Прощаясь, Наум сказал:
— Я не задержусь в Минске, ты не скучай. Рисуй себе... Мои родные — хорошие люди, сердечные. Они любят тебя.
Едва покажется солнце, тетя Песя уже протягивает в кровать кружку парного молока: «Верочка, пей, здоровее будешь!» — говорит она на хорошем белорусском языке, какой бытует среди местечкового еврейского населения. Потом час полузабытья, сладкого, как в детстве, когда знаешь, что тебе ни о чем не надо беспокоиться, есть взрослые, которые «все знают и все могут».
Но вот солнечные лучи, бесцельно блукавшие по полу, вдруг залезают на кровать, попадают на красивые темно-каштановые волосы и здесь на минуту задерживаются,— горячо! Солнечному лучу как раз хочется пошалить, и он осторожно передвигается на белый лоб, на прижмуренные глаза. Длинные черные ресницы вздрагивают. Вера открывает глаза, и на какое-то время свет предстает перед ней золотой сказкой — все золотое в этом свете — и воздух, и зелень,— все пронизано лучами. Потом — речка, по которой хочется бежать, как по садовой дорожке. Вода теплая, но освежает чудесно. Рассыпанные веером хатки, старый, заброшенный замок в парке, синие леса... Вера ходит по этой земле с чувством огромного счастья, которое наполняет все ее молодое стройное тело, и ей хочется петь, танцевать, дурачиться.
Был момент,— должно быть, на солнце перегрелась,— когда что-то вдруг кольнуло в груди, солнечный свет на минуту сделался черным, сердца коснулся холодок: надолго ли это счастье?.. А потом снова все стало солнечным, ярким, радостным, и Вере было смешно, что поддалась минутной слабости, она засмеялась.

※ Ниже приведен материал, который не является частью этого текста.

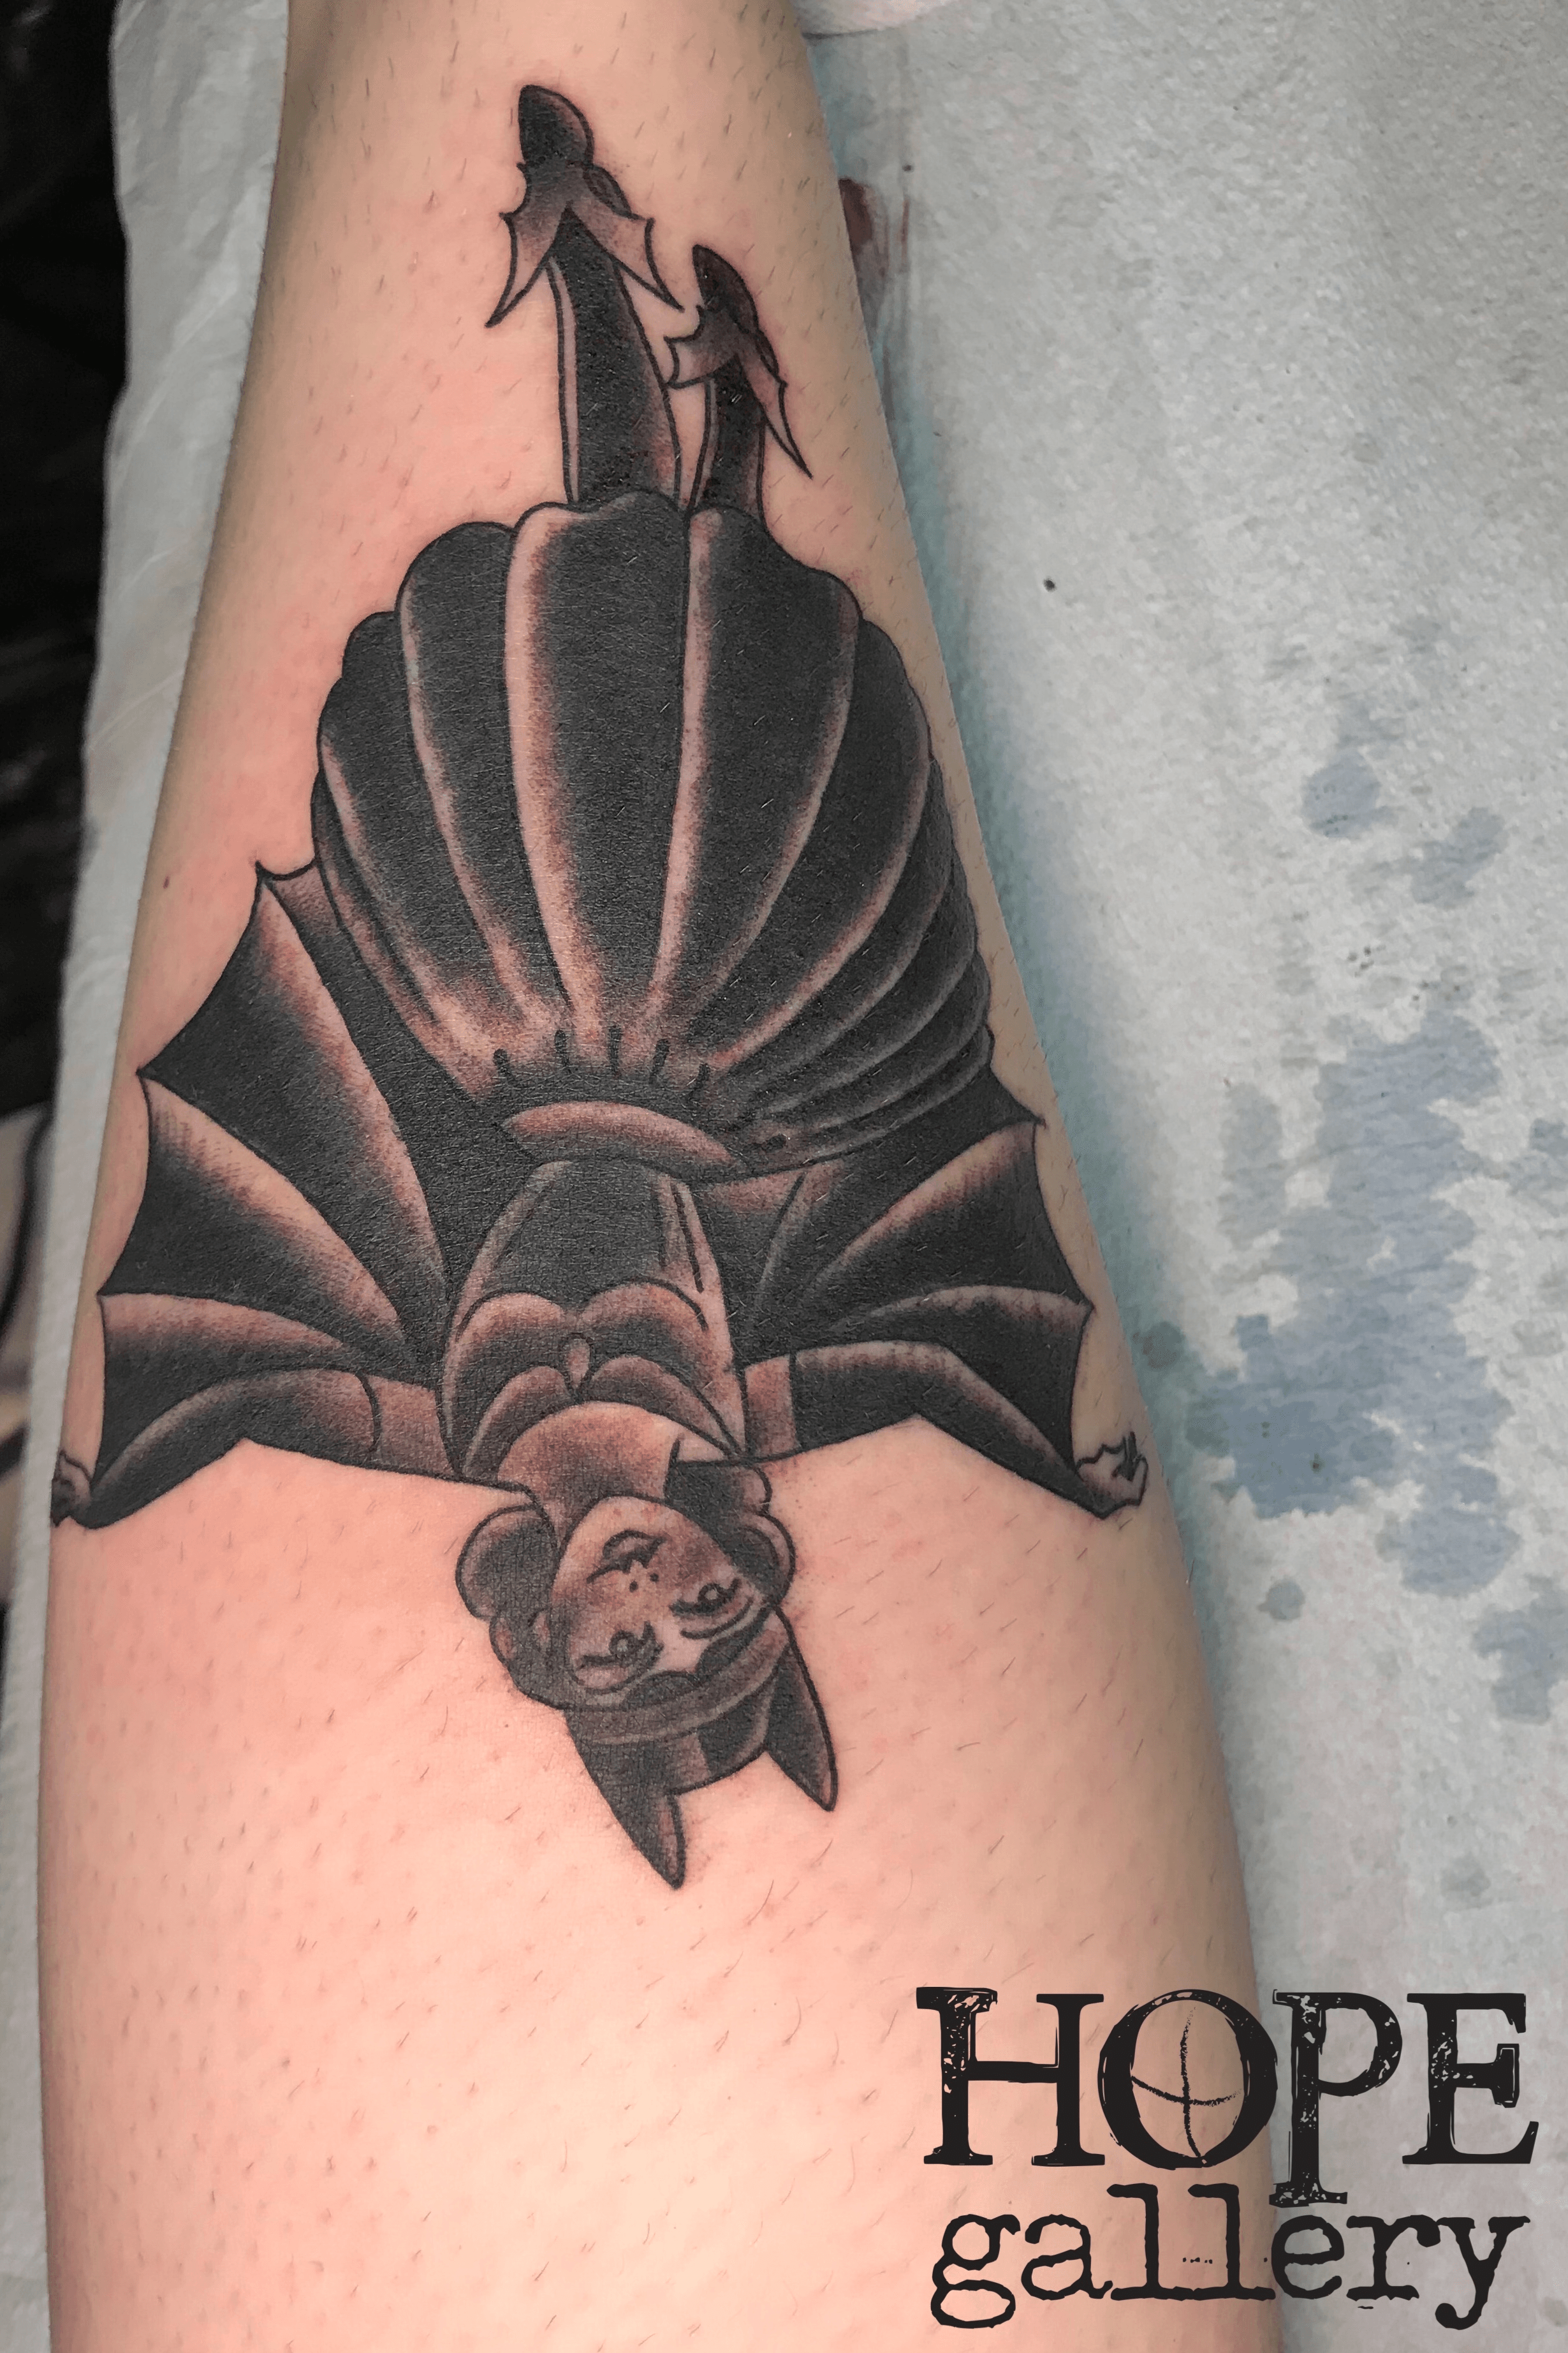 fresh ink  tattoo done by phil young  hope gallery tattoo   Flickr

И тогда впервые вспомнила лихорадочные искры в глазах Терешко и эту странную фразу: «Такая женщина и... евреи». Вера раскрыла роман Терешко «Дочь». Что может сказать людям такой писатель? На первых же страницах она увидела самого автора — суховатого, невысокого ростом, сдержанного. Силится сказать что-то больше того, что говорит, однако, как Вера ни пытается вникнуть в слова, в предложения, в целые картины, никакого подтекста уловить не может. А если это только фокус — сделать вид, будто знаешь больше, чем говоришь, на поверку же выходит, что ничего и нет, даже то, что сказано, все не свое, а заемное.

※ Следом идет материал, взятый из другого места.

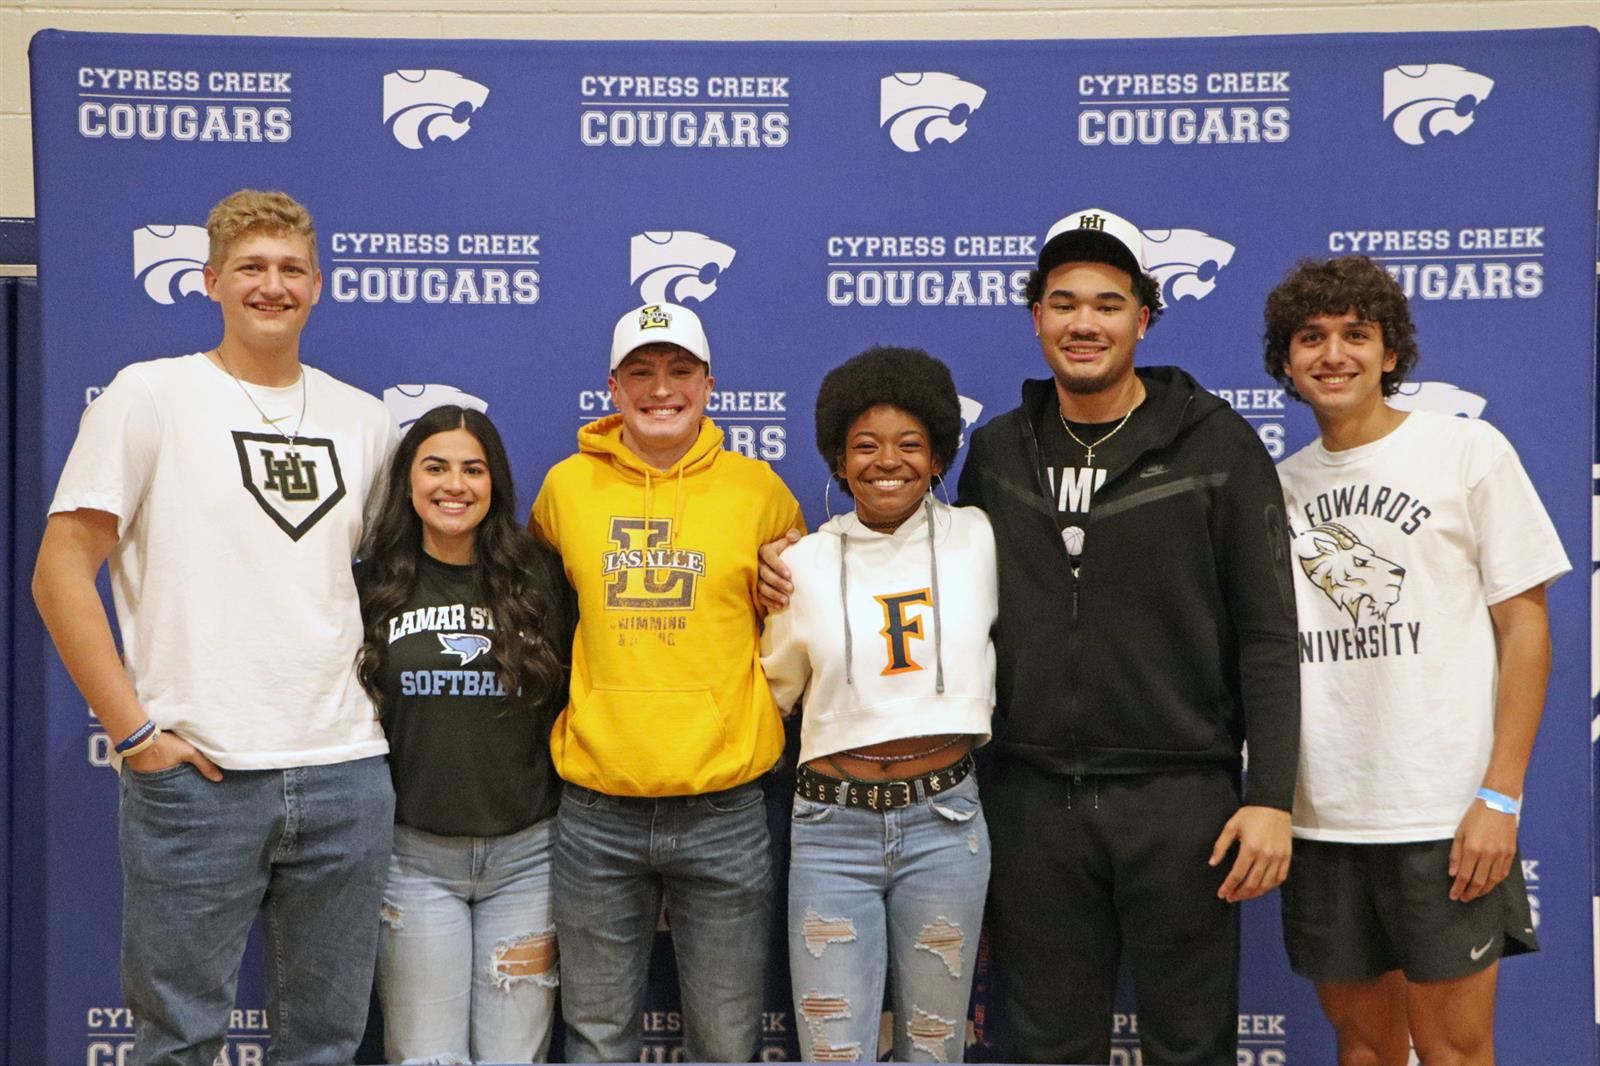 Six Cypress Creek seniors were recognized for signing letters of intent on the first day of the signing period.

Историческая тема — крестьянство в восстании 1863 года, обычная книга... Она так и осталась недочитанной — над лесом встало облако, оно все увеличивалось и увеличивалось, а на лес от облака легла тень, и было очень интересно следить за тем, как темно-зеленая полоса плывет по светло-зеленой стене. Вера бралась за краски. Последний месяц на строительстве городского театра она все время мечтала о том, как после работы «завалится» в глушь и будет рисовать. Она и правда устала на стройке, и, если бы не Наум, ей было бы нелегко дотянуть. И вот теперь яркий, какой-то дивный свет, что окружает ее, бросает капельки своего тепла на ее полотно, на бумагу... Только капельки. Глупый этот Терешко, хотя и романист. Куда выше его Наум, и даже тетя Песя с ее житейской мудростью, которая диктует, что Моисей тоже нарушил бы закон, если бы на его пути встала такая женщина, как Вера Корзун... И что такое вообще эти законы, если людям хорошо жить? Когда люди живут по законам, а живут скверно, так лучше уж не надо таких законов и тех самых моисеев с каменными скрижалями.
И тетя Песя говорит Вере:
— Я думаю, что мой покойный брат не стал бы перечить своему сыну Науму, когда он женился на вас, Верочка. — И тут же, без всякого перехода: — Отведайте этой земляники, Верочка, она прибавляет крови, вы такая бледненькая.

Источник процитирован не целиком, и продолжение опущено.